Working data
....
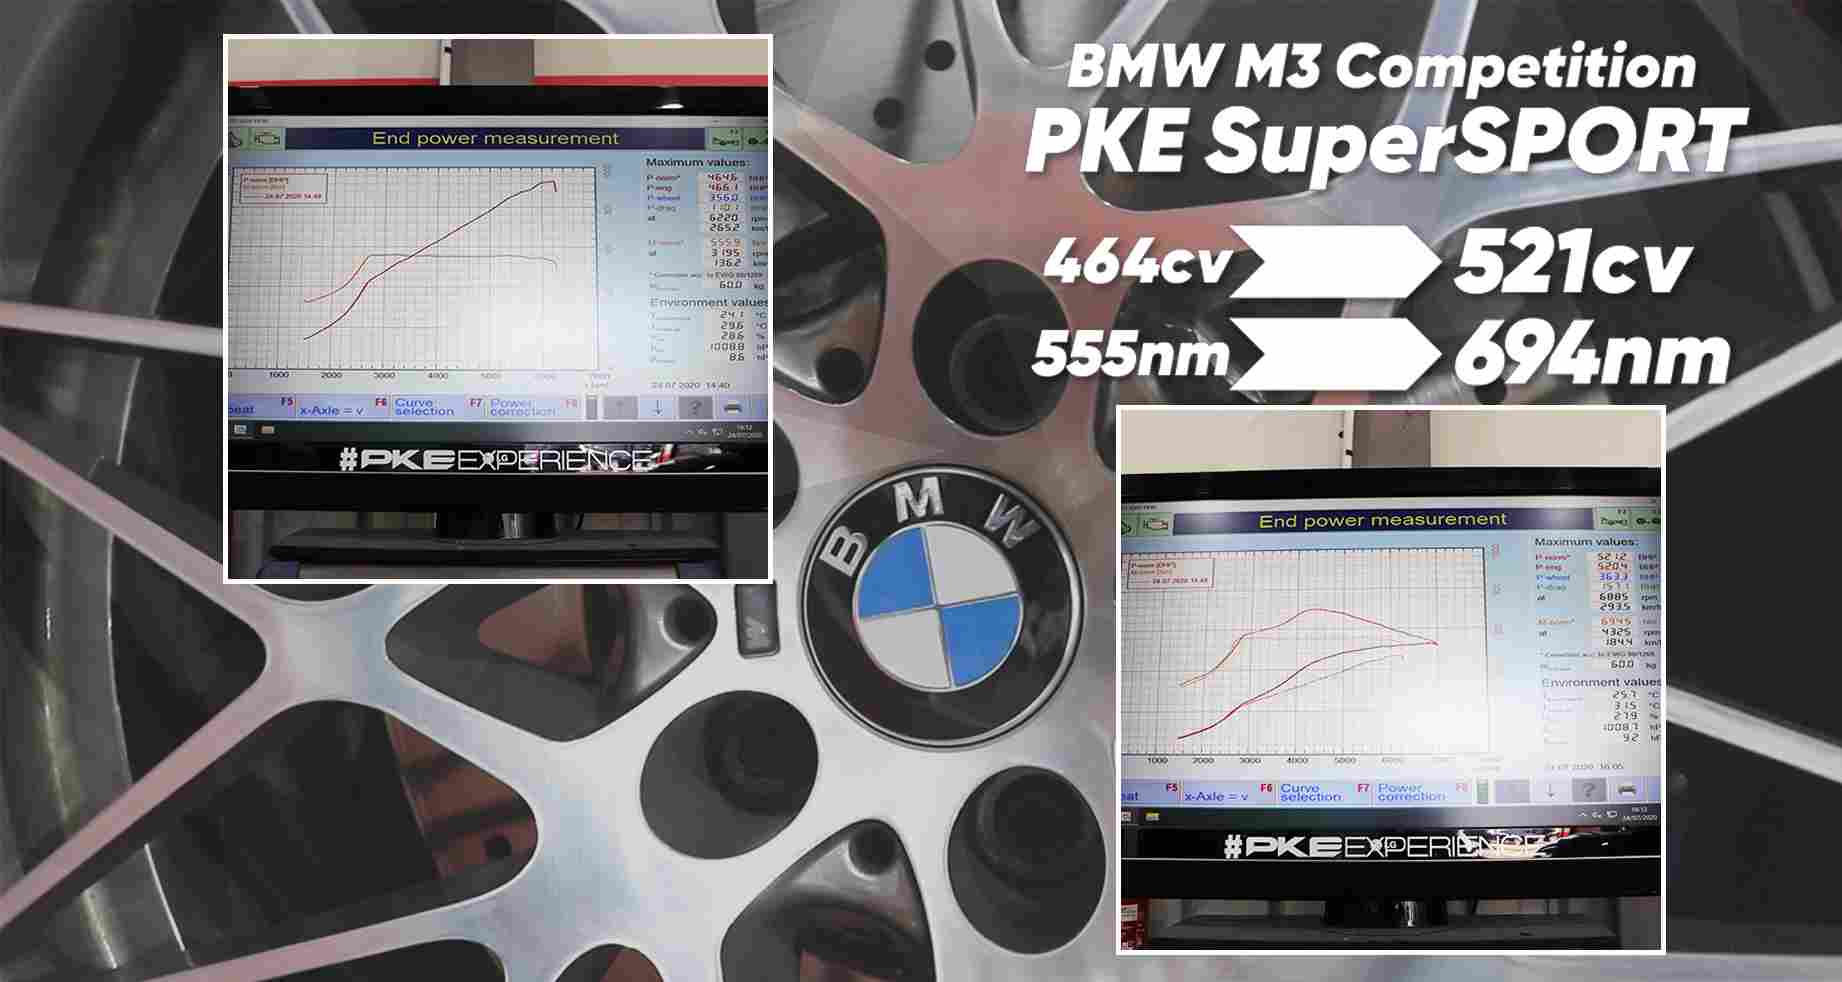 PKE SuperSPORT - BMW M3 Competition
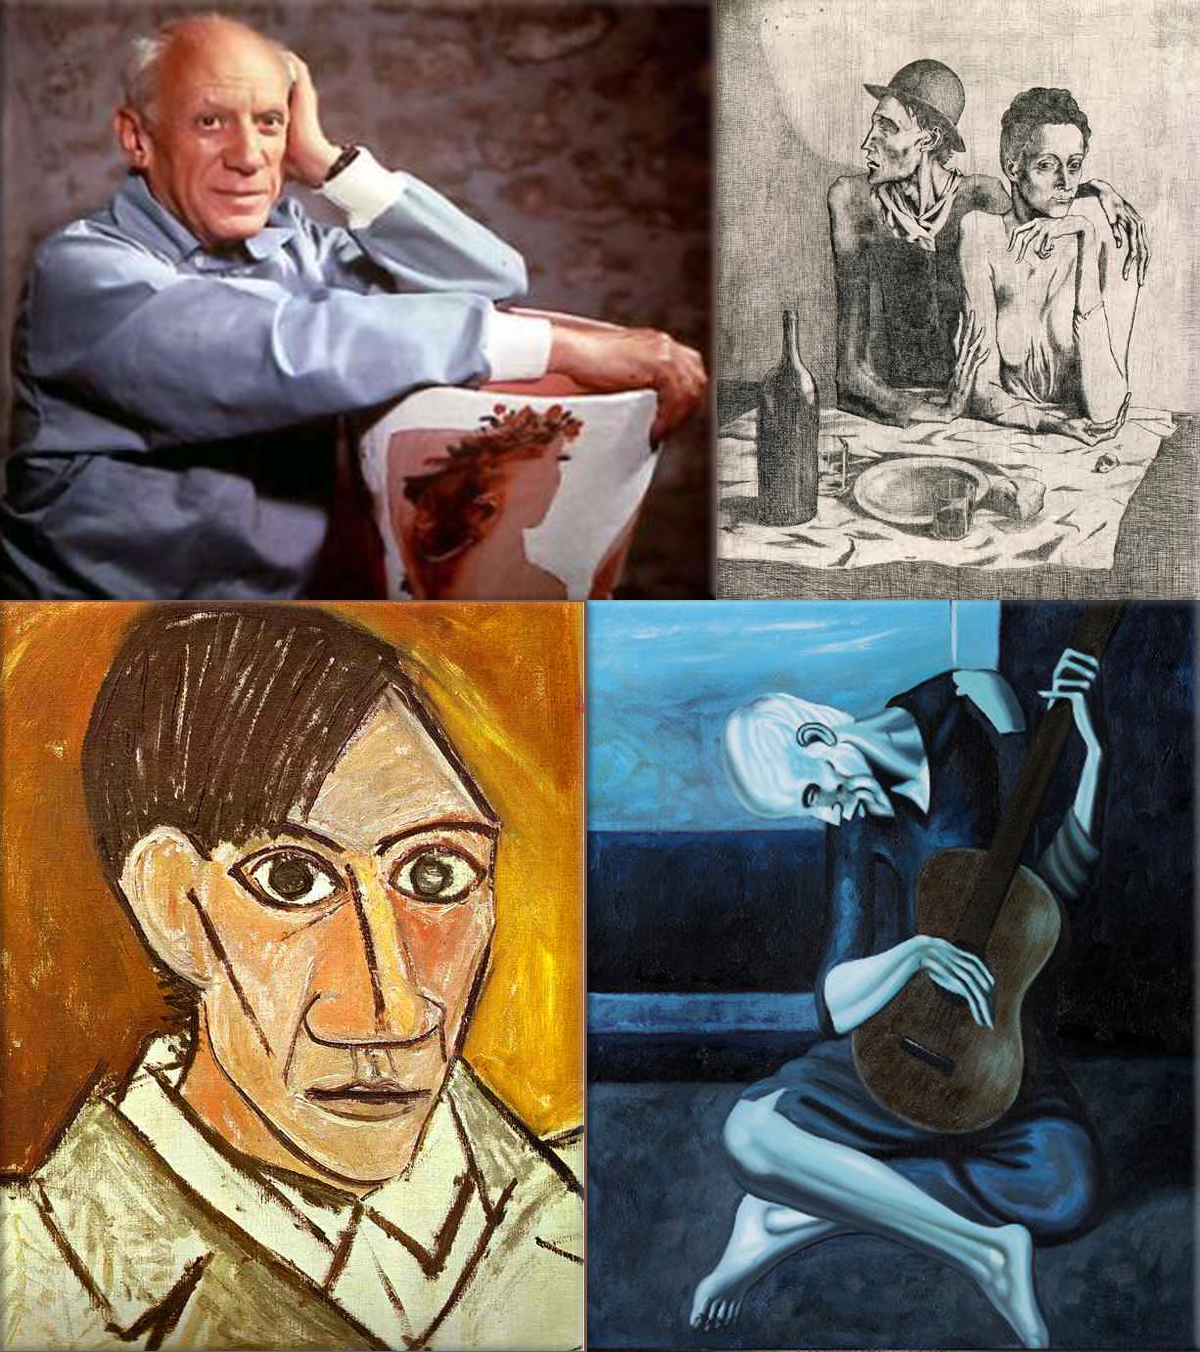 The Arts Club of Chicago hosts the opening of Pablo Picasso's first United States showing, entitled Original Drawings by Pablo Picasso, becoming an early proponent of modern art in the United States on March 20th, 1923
....
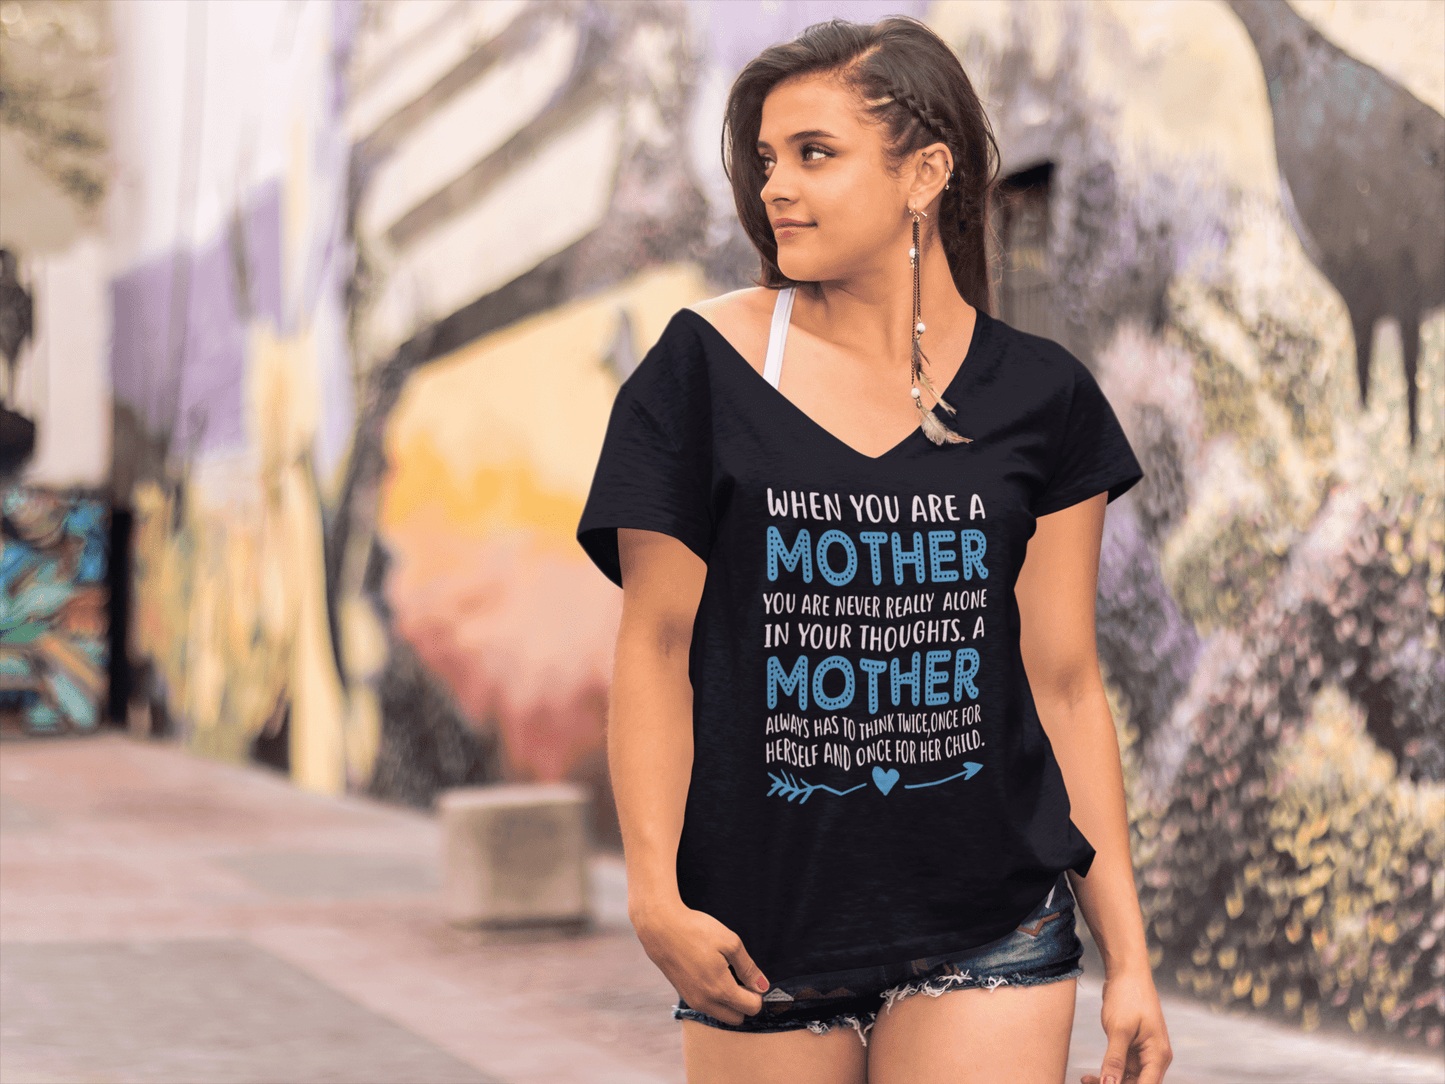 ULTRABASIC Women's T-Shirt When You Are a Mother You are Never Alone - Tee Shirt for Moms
....
Try it
Using the entries above, transcribe exactly from the line that has "PKE SuperSPORT - BMW M3 Competition" through the line that has "The Arts Club". Pictures are dropped.

Task answer
 PKE SuperSPORT - BMW M3 Competition
 The Arts Club of Chicago hosts the opening of Pablo Picasso's first United States showing, entitled Original Drawings by Pablo Picasso, becoming an early proponent of modern art in the United States on March 20th, 1923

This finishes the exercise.